The natural gas industry grew last year at the fastest rate since the immediate aftermath of the financial crisis, led by a surge in Chinese demand, which also helped to propel growth in energy consumption globally, according to energy major BP.

A switch to cleaner fuels boosted gas demand, but efficiency gains slowed as industrial activity picked up, coal consumption rose for the first time in four years and carbon emissions increased after three years of little to no growth.

The data show how entrenched fossil fuels are in the energy system, even as governments make drastic policy shifts towards greener energies, raising questions about how the world meets emissions targets under the Paris climate accord.

“It’s a case of two steps forward, one step back,” said Spencer Dale, chief economist at BP.

Gas consumption rose by 3 per cent — or 96bn cubic metres — which is the fastest since 2010. Production expanded by 4 per cent or 131 bcm, BP said in its annual statistical review published on Wednesday, in what was a “bumper year”.

Chinese consumption accounted for a third of the global increase, as the industrial and residential sectors swtiched from coal to gas for power generation as part of a government drive to tackle air pollution.
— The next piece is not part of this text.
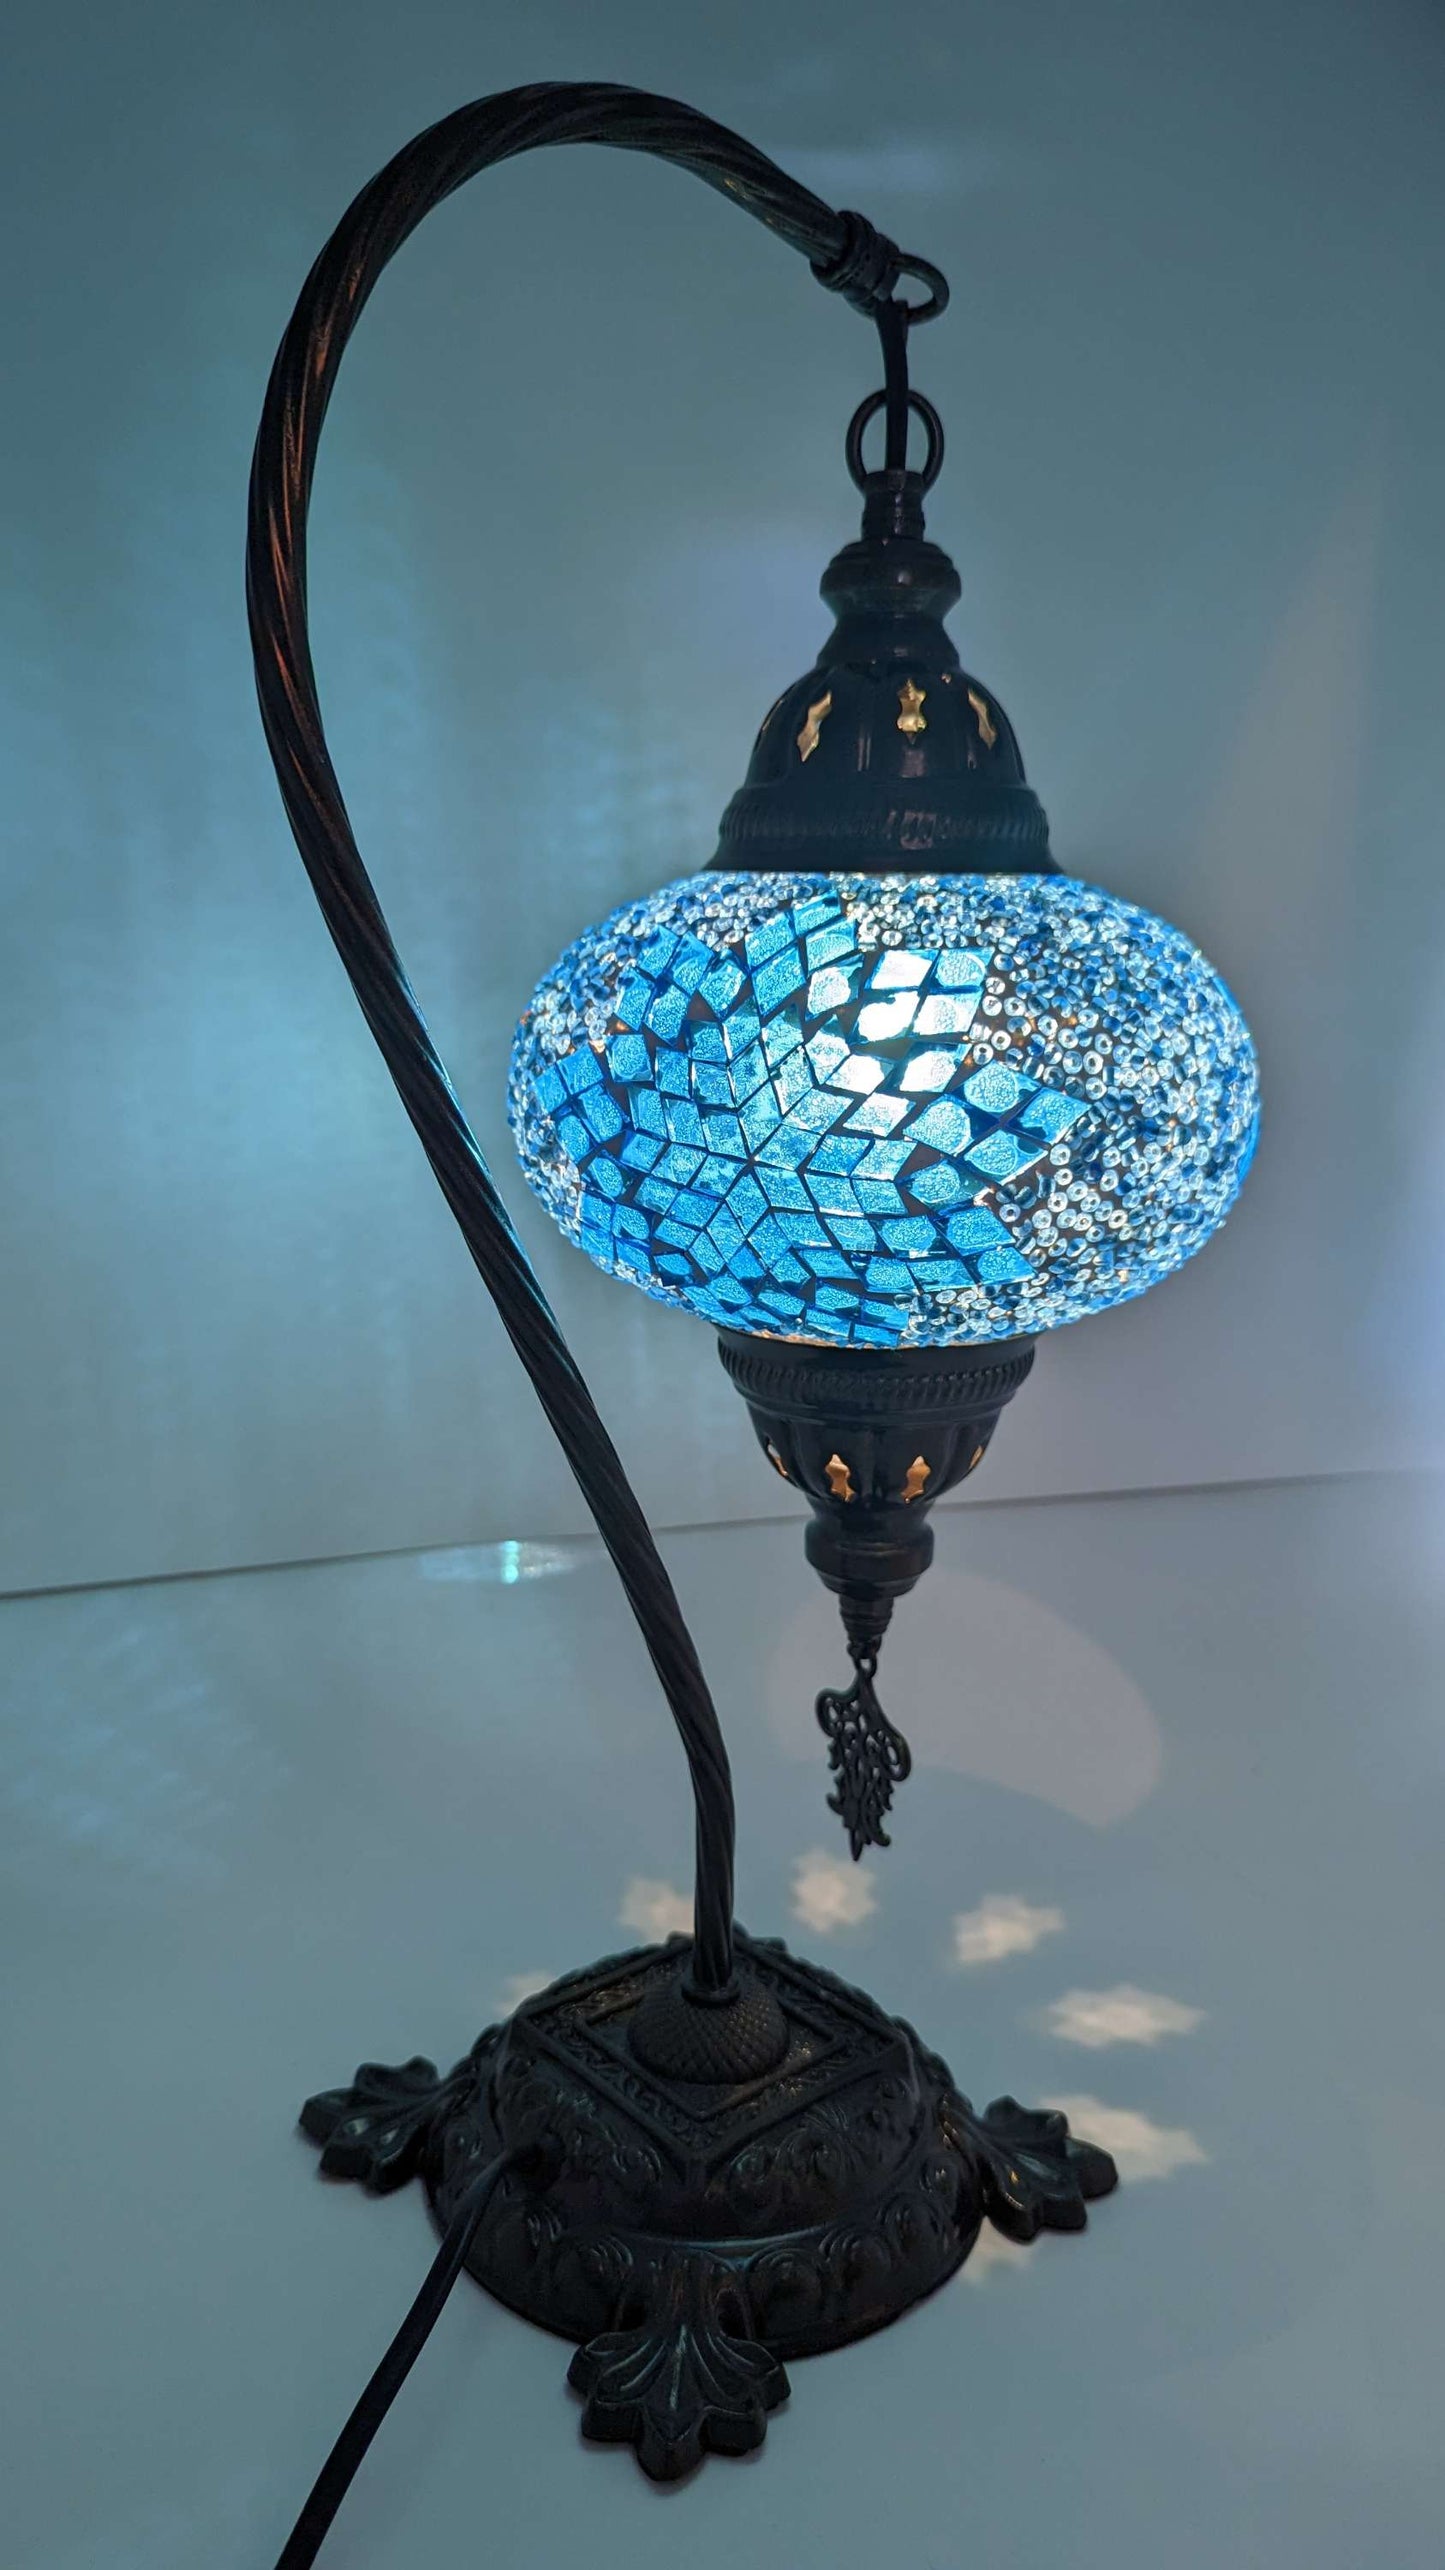 Mosaic Turkish Table Lanterns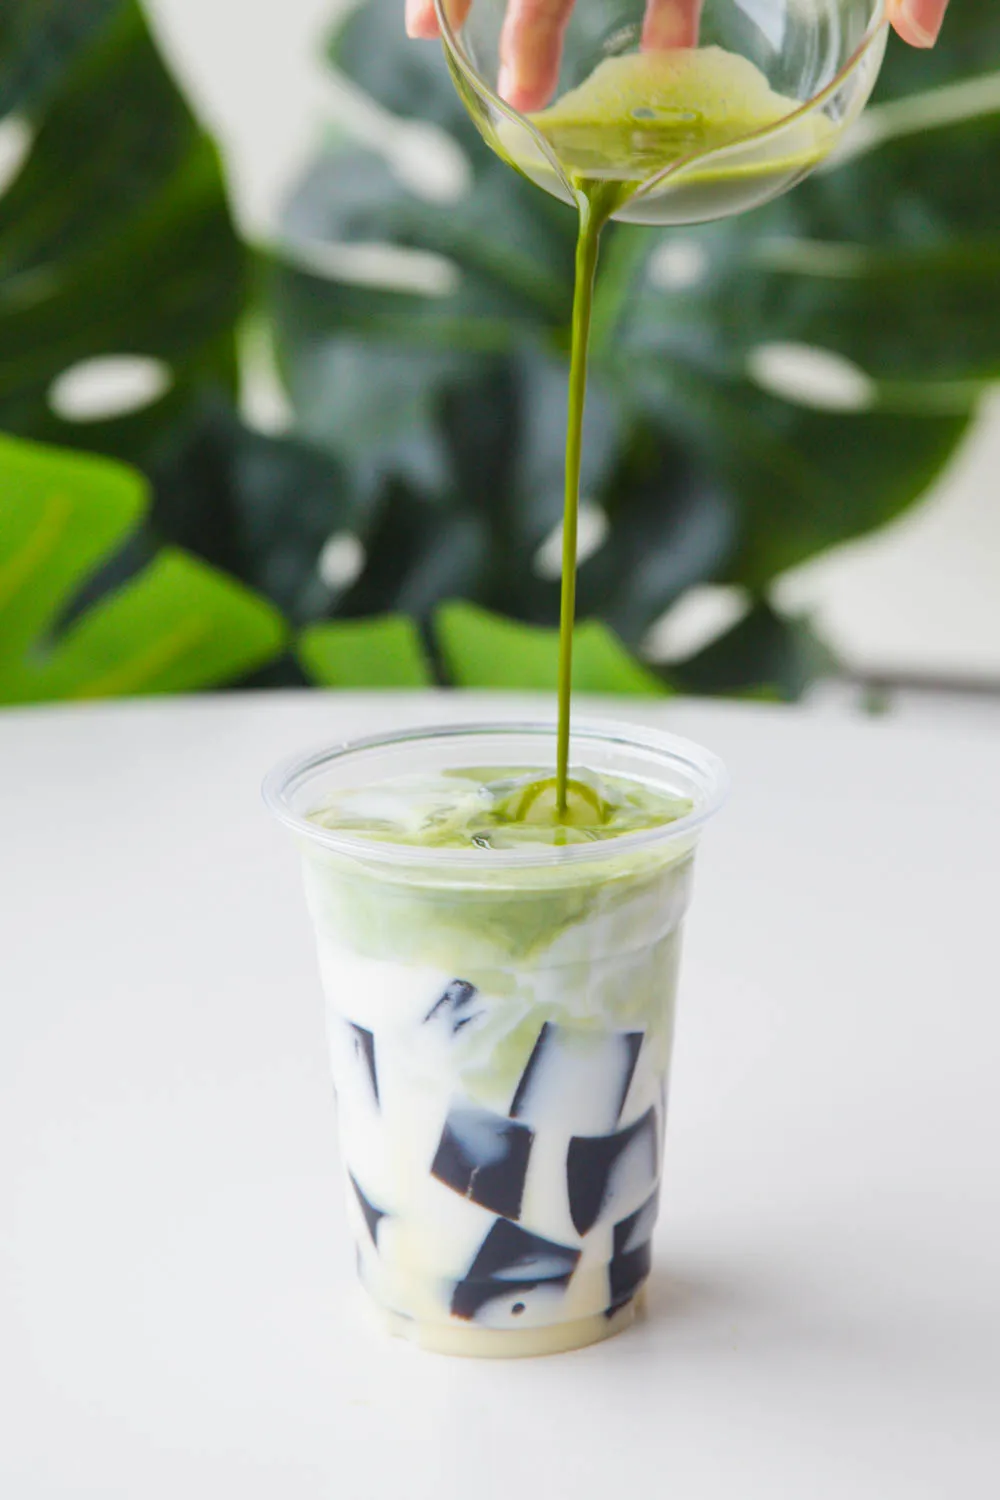 grass jelly matcha latte|chinasichuanfood.com

With a deadline of a five-year environmental plan expiring, Beijing announced a new series of measures late in 2017 for major cities that helped bolster growth in gas consumption.

“The resulting increase in gas demand was greatly compounded by the switch into gas reaching a peak just as winter heating demand was ramping up,” said Mr Dale.

Still, despite the substantial switching to gas, China’s demand for coal grew for the first time after three consecutive years of declines. This, alongside growing demand in India, propelled global coal consumption.

“After several years of free-fall, the coal market experienced a mini-revival last year,” Mr Dale said.

Global coal consumption increased by 25m tonnes of oil equivalent, or 1 per cent — the first growth since 2013. This follows last year’s report when BP said the world has made a “decisive” shift away from coal.

The uptick in coal consumption alongside a pick-up in global economic growth and industrial activity drove a marked increase in carbon emissions in 2017 for the first time in three years.

“The backward’s step in last year’s data is most stark in carbon emissions from energy consumption,” Mr Dale said.

The new data reveal that despite the “extraordinary growth” in renewables for power generation — 17 per cent last year alone, led by wind and solar — coal has retained the same share of its power sector fuel mix over the past 20 years.

Coal’s share was 38 per cent in 1998, the same in 2017. Non-fossil fuel’s share was slightly lower over the time period as the rising share of renewables failed to offset the drop in nuclear.

Mr Dale said this was worrying because the power sector is the single most important source of carbon emissions from energy consumption, accounting for a third of those emissions in 2017.

“To have any chance of getting on a path consistent with meeting the Paris climate goals there will need to be a significant improvement in the power sector,” Mr Dale said. “This is one area we haven’t even taken one step forward.